Really, there are only 3 conditions to consider in the loop - if the task is for the current user, abandoned, or otherwise wait. Since sockets will dequeue their own items when they are complete, there should never be a situation where the queue is empty or the next item is complete.

Another key of this process working is that the task itself runs in a loop.
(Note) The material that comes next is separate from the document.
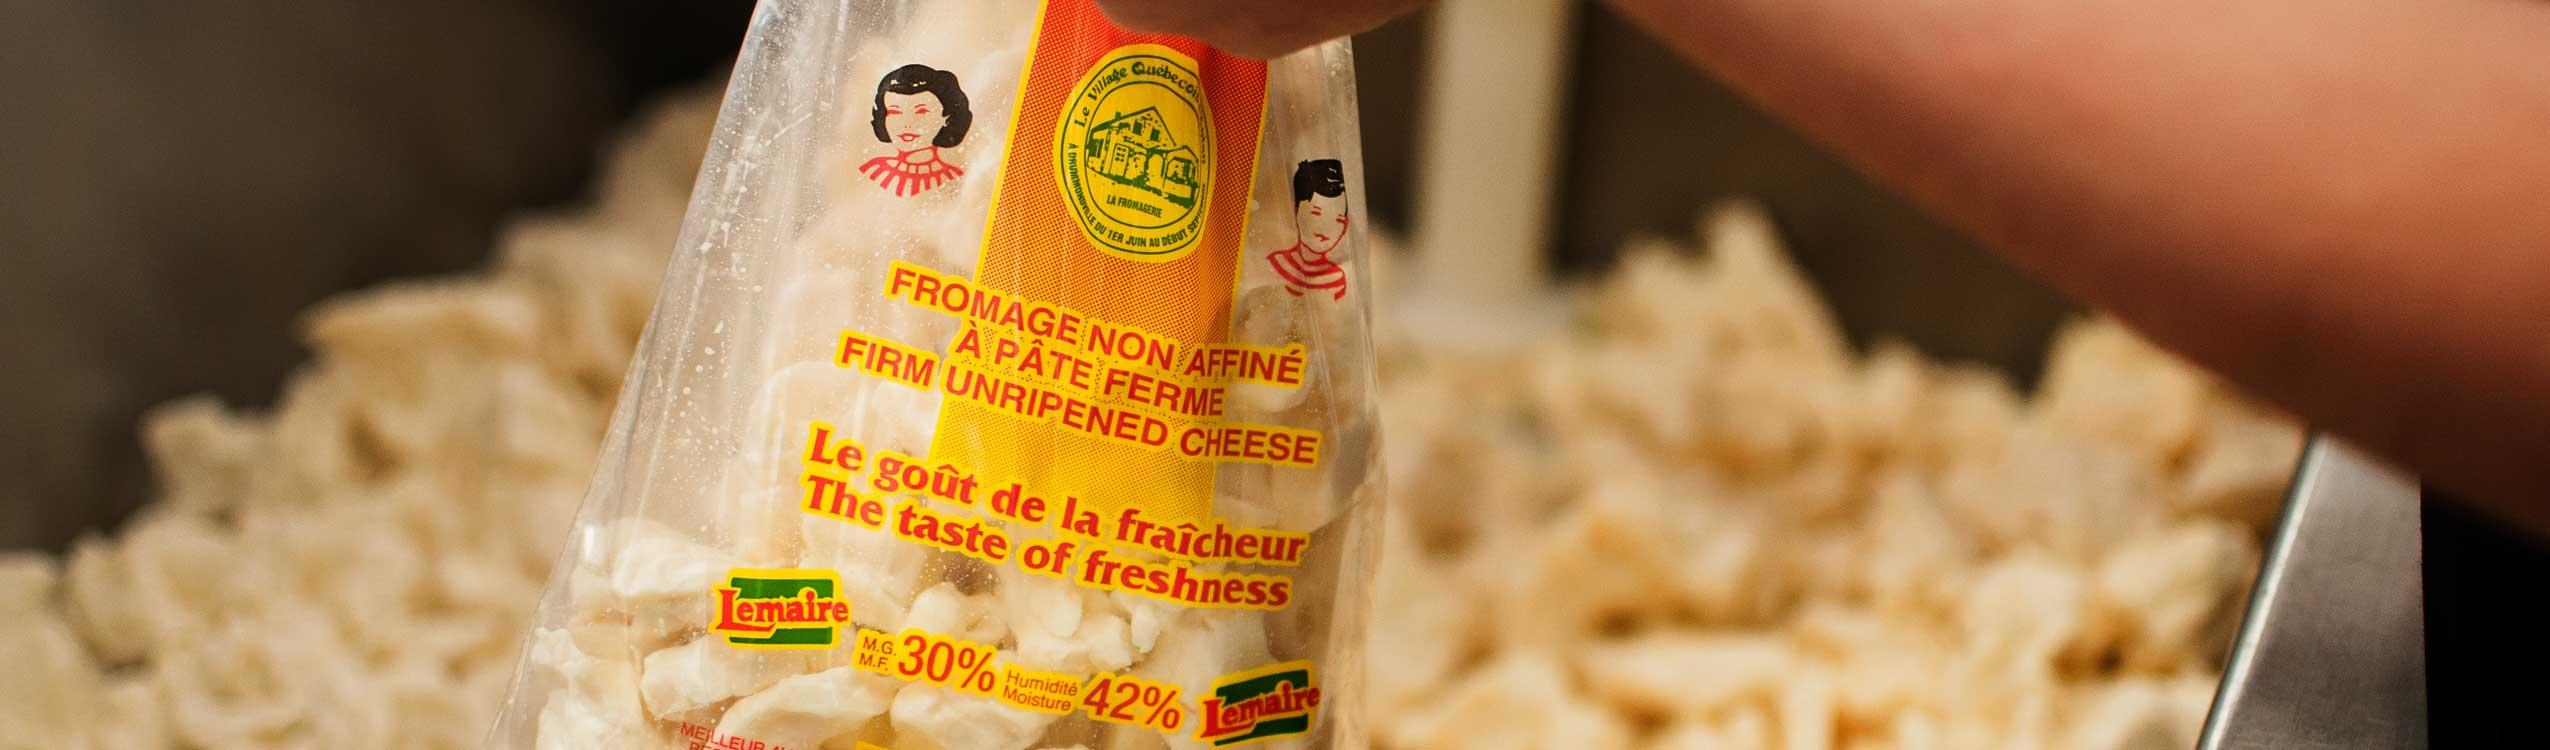 Fromage frais du jour Fromagerie Lemaire

Therefore, it actually runs async and sends data back to the client as it runs which ensures the socket doesn't close in the middle of the process:

        public async Task RunTask(AspNetWebSocketContext context, TaskInfo taskInfo)
        {
            TaskRunner taskRunner = new TaskRunner(taskInfo);

            while (!taskRunner.IsComplete)
            {
                taskRunner.Tick();
                await SendMessage(context, taskRunner.Entries[taskRunner.Entries.Count - 1]);
            }

            taskInfo.IsComplete = true;
        }

For anyone interested, the code to send the messages looks like this:

        private async Task SendMessage(AspNetWebSocketContext context, object message)
        {
            await SendMessage(context, JsonConvert.SerializeObject(message));
        }

        private async Task SendMessage(AspNetWebSocketContext context, string message)
        {

            try
            {
                if (context != null && context.WebSocket.State == WebSocketState.Open)
                {
                    byte[] messageData = Encoding.UTF8.GetBytes(message);
                    var outputBuffer = new ArraySegment(messageData);
                    await context.WebSocket.SendAsync(outputBuffer, WebSocketMessageType.Text,
                        true, CancellationToken.None);
                }
            }
            catch (Exception exp)
            {
                Logger.Error("Error sending practice results.", exp);
            }
        }

Since I am using AngularJS for the client, I simply queue the task with HTTP POST and then watch the socket for a response:

    function queueTask(taskInfo) {
      $http.post('api/TaskData/QueueTask',
        taskInfo
      ).then(function(result) {
        if (result.data) {
          openSocket();
        }
      });
    }
    
    function openSocket() {
      var results = {
        Entries: []
      };
      
      if (!svc.socket || true) {
        svc.socket = new WebSocket('ws://localhost:54320/api/TaskData/OpenSocket')
        svc.socket.onopen = function () {
          console.log("connected");
        };
        svc.socket.onmessage = function (evt) {
          results.Entries.push(JSON.parse(evt.data));
          console.log(evt.data);
        };
        svc.socket.onerror = function (evt) {
          console.log(evt.message);
        };
        svc.socket.onclose = function (evt) {
          svc.results = results;
          toaster.pop('success', 'Task complete');
console.log("disconnected"); }; } }

That's it! Unfortunately, I didn't find out until after I completed this implementation that GoDaddy does not support Websockets so I will be moving to a different communication mechanism sooner rather than later (most likely COMET).